RANGOUN : Des dizaines de milliers de Birmans manifestaient de nouveau dimanche, malgré la censure d'internet et les arrestations, contre le coup d'Etat militaire qui a renversé Aung San Suu Kyi en début de semaine.
Les manifestants prévoyaient de se retrouver devant l'hôtel de ville, mais l'accès à la zone a été bloqué par des barricades et plusieurs groupes défilaient dans la ville où des policiers anti-émeutes ont été déployés en nombre. Aucun affrontement n'a été rapporté.
"Nous continuerons à nous rassembler jusqu'à ce que nous obtenions la démocratie. A bas la dictature", a déclaré Myo Win, 37 ans, sous un concert de coups de klaxons.
"La dictature est enracinée dans notre pays depuis trop longtemps", a déploré Myat Soe Kyaw. La Birmanie a déjà vécu près de 50 ans sous le joug de l'armée depuis son indépendance en 1948.
Non loin de là, des contestataires brandissaient des pancartes: "Respectez notre vote", "libérez Mother Suu", en référence à Aung San Suu Kyi. D'autres agitaient des drapeaux aux couleurs de son parti, la Ligue nationale pour la démocratie (LND), et faisaient le salut à trois doigts, un geste de résistance.
Malgré la peur, dans un pays habitué aux répressions sanglantes comme en 1988 et 2007, des habitants sont de nouveau sortis dans les rues aux premières heures de la journée pour "chasser les démons", les militaires, en tapant sur des casseroles.
Un autre rassemblement se tenait à Mandalay (centre). "Nous ne pouvons accepter ce coup d'Etat totalement illégal", a relevé à l'AFP Win Mya Mya, un député de la région.
Samedi, des dizaines de milliers de personnes avaient déjà manifesté dans plusieurs villes pour condamner le putsch du 1er février qui a mis un terme à une fragile transition démocratique de dix ans. Les militaires ont instauré l'état d'urgence pour un an, arrêté Suu Kyi, cheffe de facto du gouvernement civil, et d'autres responsables de la LND.
"Nos héros"
Malgré les ordres de blocage d'internet et des réseaux sociaux par l'armée, le rassemblement de dimanche à Rangoun était retransmis en ligne sur Facebook où les messages de soutien affluaient: "Vous êtes nos héros", "Respect aux manifestants".

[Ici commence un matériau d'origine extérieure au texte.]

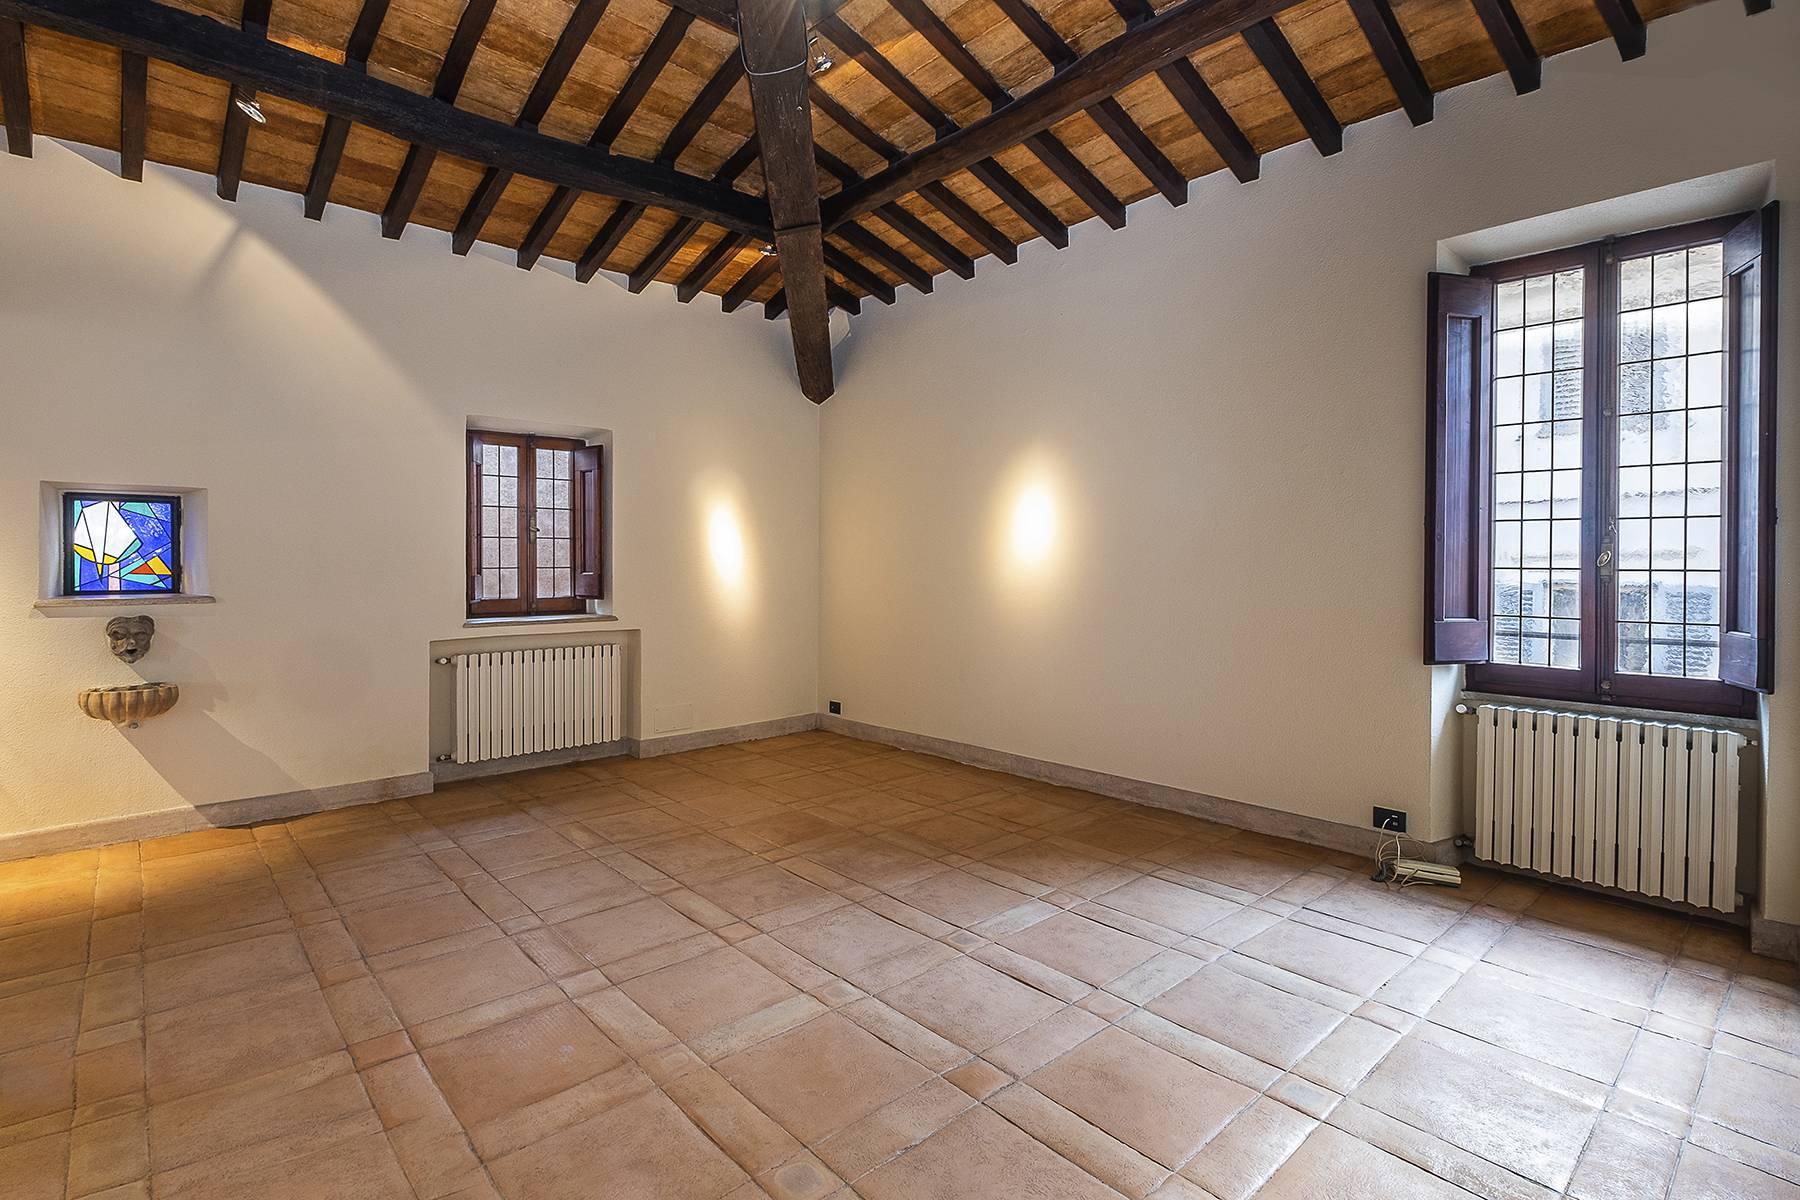 Esclusivo appartamento in centro storico con vista sui tetti di Roma - 8

Les outils de communication restaient très perturbés.
Internet fonctionne seulement "à 14% de ses niveaux habituels", "les coupures touchent l'ensemble du pays", a fait savoir l'ONG spécialisée Netblocks.
"Les généraux tentent de paralyser le mouvement citoyen de résistance et de laisser le monde extérieur dans l'ignorance", a déploré Tom Andrews, rapporteur spécial de l'ONU sur les droits de l'homme en Birmanie.

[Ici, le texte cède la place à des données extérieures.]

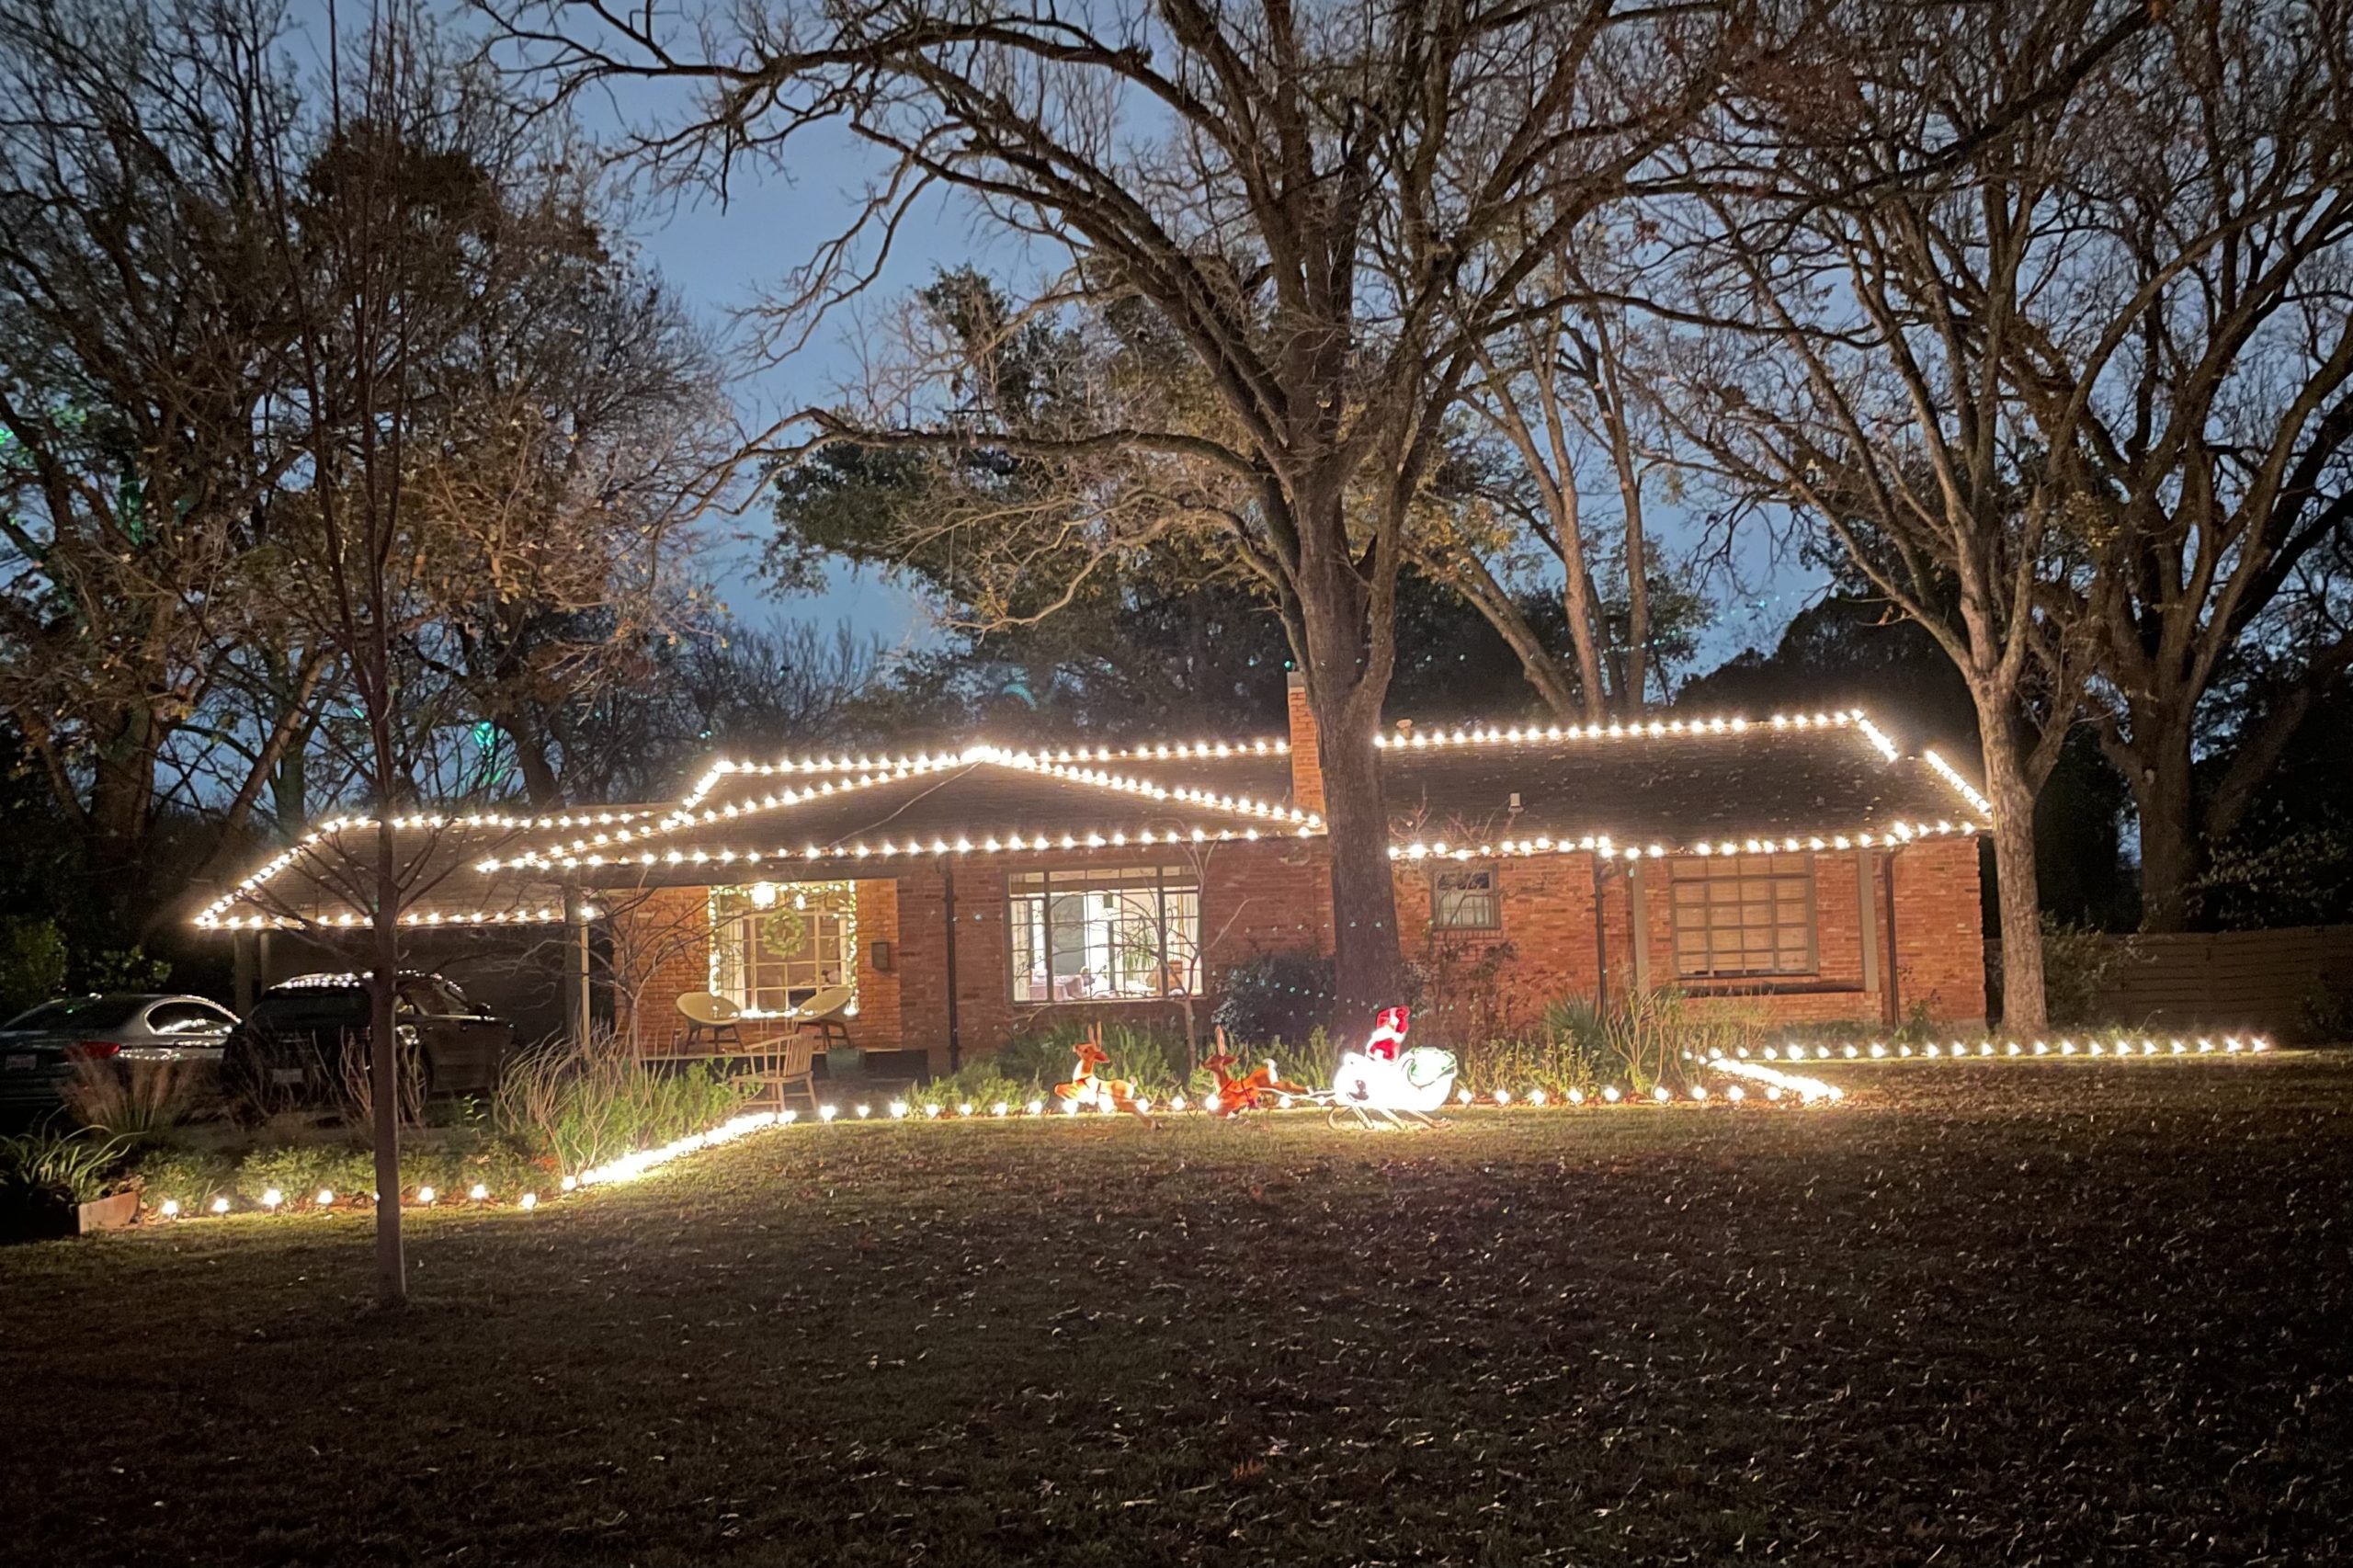 Holiday lights and Santa's sleigh in Casa Linda Estates

Les arrestations se poursuivent. Plus de 160 personnes ont été interpellées, selon l'Association d' assistance aux prisonniers politiques, basée à Rangoun.
Un conseiller économique de l'ex-dirigeante de 75 ans, l'Australien Sean Turnell, était retenu dans son hôtel.
"Je suis actuellement détenu et peut-être accusé de quelque chose", a déclaré samedi à la BBC ce professeur de l'Université Macquarie en Australie. Il s'agit de la première arrestation connue d'un ressortissant étranger depuis le putsch.
Adulée
Aung San Suu Kyi, très critiquée il y a encore peu par la communauté internationale pour sa passivité dans la crise des musulmans rohingyas, reste adulée dans son pays.
Elle a été inculpée pour avoir enfreint une obscure règle commerciale et se trouve "assignée à résidence" dans la capitale Naypyidaw, "en bonne santé", d'après un porte-parole de la LND.
Les autorités "doivent garantir que le droit de réunion pacifique est pleinement respecté et que les manifestants ne seront pas soumis à des représailles", a tweeté le bureau des droits de l'Homme des Nations Unies après les manifestations de samedi.
L'ONU a appelé à la libération de tous les détenus mais n'a pas condamné formellement le coup d'Etat dans sa déclaration commune, Pékin et Moscou, soutiens traditionnels de l'armée birmane aux Nations Unis, s'opposant à cette formulation.
Les Etats-Unis et l'Union européenne font de leurs côtés planer la menace de sanctions.
Pour justifier son passage en force, le chef de l'armée, Min Aung Hlaing, qui concentre désormais l'essentiel des pouvoirs, a allégué d'"énormes" fraudes aux législatives de novembre, massivement remportées par la LND.
En réalité, les généraux craignaient de voir leur influence diminuer après la victoire d'Aung San Suu Kyi, qui aurait pu vouloir modifier la Constitution, très favorable aux militaires.
Ces derniers ont promis des élections libres à la fin de l'état d'urgence.